Podczas podróży do Azji ostatnio czytam Japan Times i międzynarodową edycję New York Timesa każdego ranka; Zostali połączeni razem i dostarczone do mojego pokoju hotelowego. Było coś w tych dobrze zorganizowanych wiadomościach-dostarczanych w staromodnej formie drukowanej-to było niezwykle uspokajające. Widoczna kolumna o Izraelu autorstwa Thomasa Friedmana dała mi więcej kontekstu niż przerażony wątek w mediach społecznościowych, bez względu na to, jak mądry. Chociaż jest mało prawdopodobne, abyśmy wrócili do czytania gazety drukowanej jako główne źródło wiadomości, codzienne stymulacje i rozsądne kudzenie tego, co ważne, ma wiele do polecenia.
W najnowszej książce Chrisa Hayesa The Sirens 'Call: How Uwagę stał się najbardziej zagrożonym zasobem na świecie, komentator polityczny identyfikuje to, co dzieje się dla nas wszystkich – i niebezpieczeństw.
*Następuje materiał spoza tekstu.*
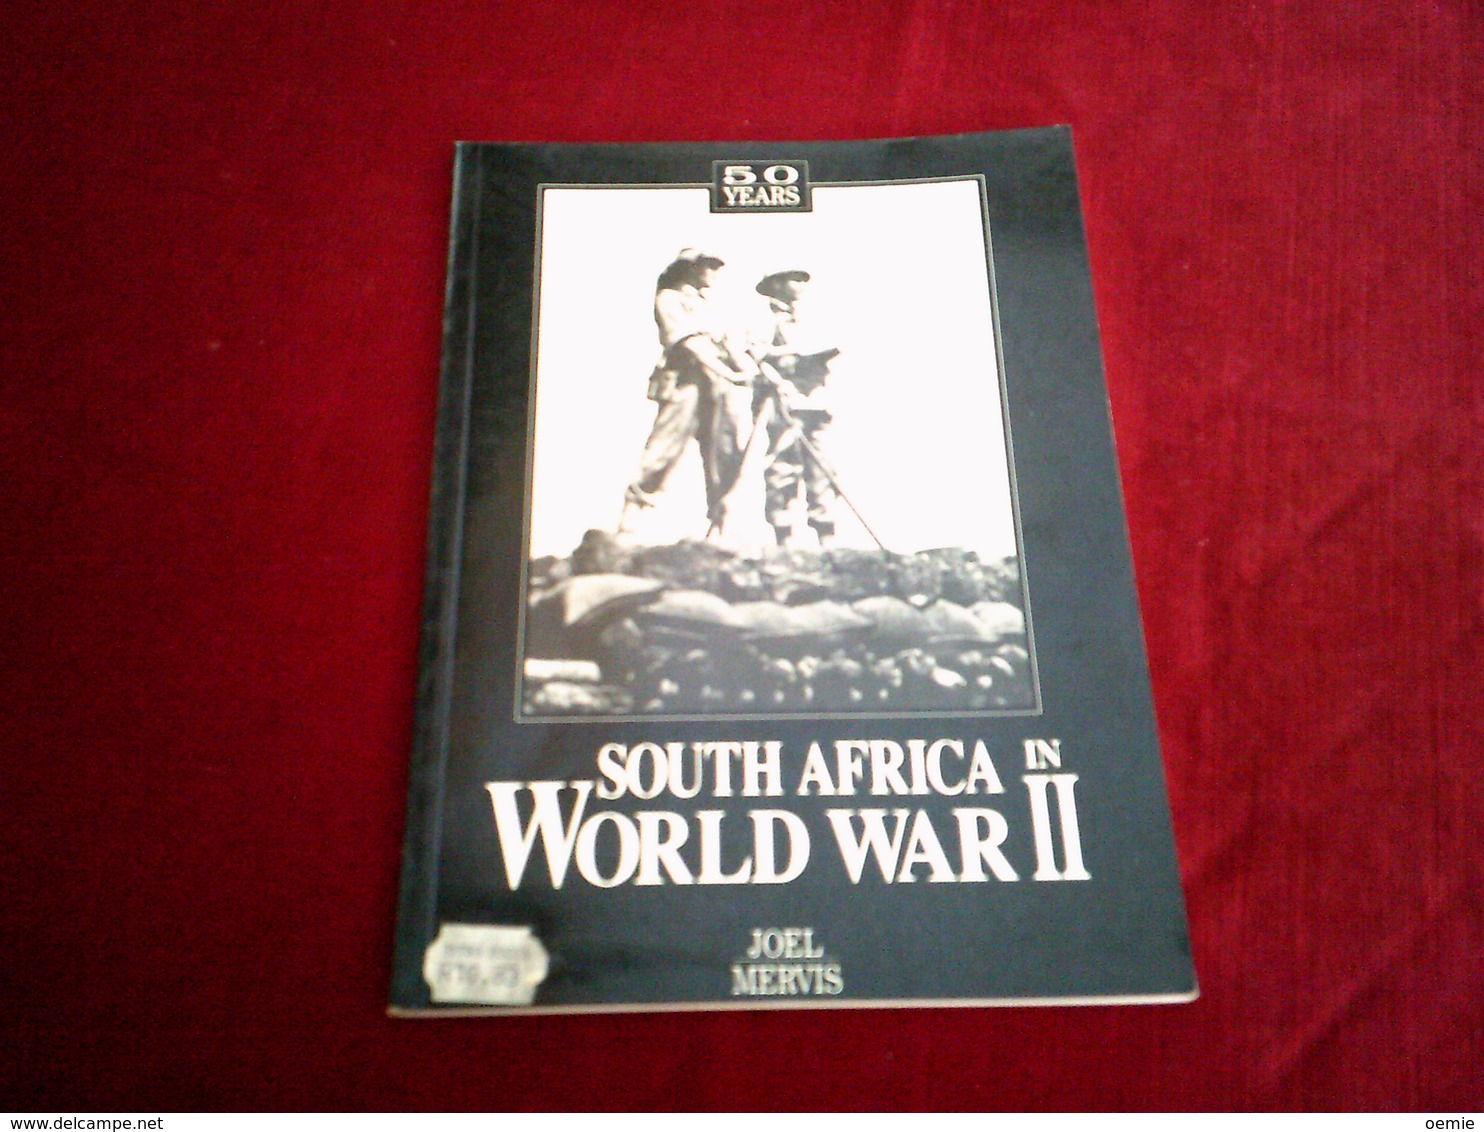 50 YEARS SOUTH AFRICA IN WORLD WAR II  PAR JOEL MERVIS - US-Force

Hayes przyznał się do Wywiad vox że pomimo jego wiedzy o „Gospodarka uwagi„I jego osobiste koszty wciąż walczy.
„Napisałem wspomnienie o odzyskaniu” – żartował Hayes, że powiedział swojej żonie, „a ja nadal piję”.
Złe wieści będą nadchodzące. Jako obywatele musimy wiedzieć, co się dzieje, abyśmy mogli działać – w kabinie do głosowania, na wiecu protestacyjnym, w rozmowach z naszymi sąsiadami lub bliskimi.
Ale to nie oznacza ciągłego zanurzenia. Trochę ponurej przechodzi długą drogę.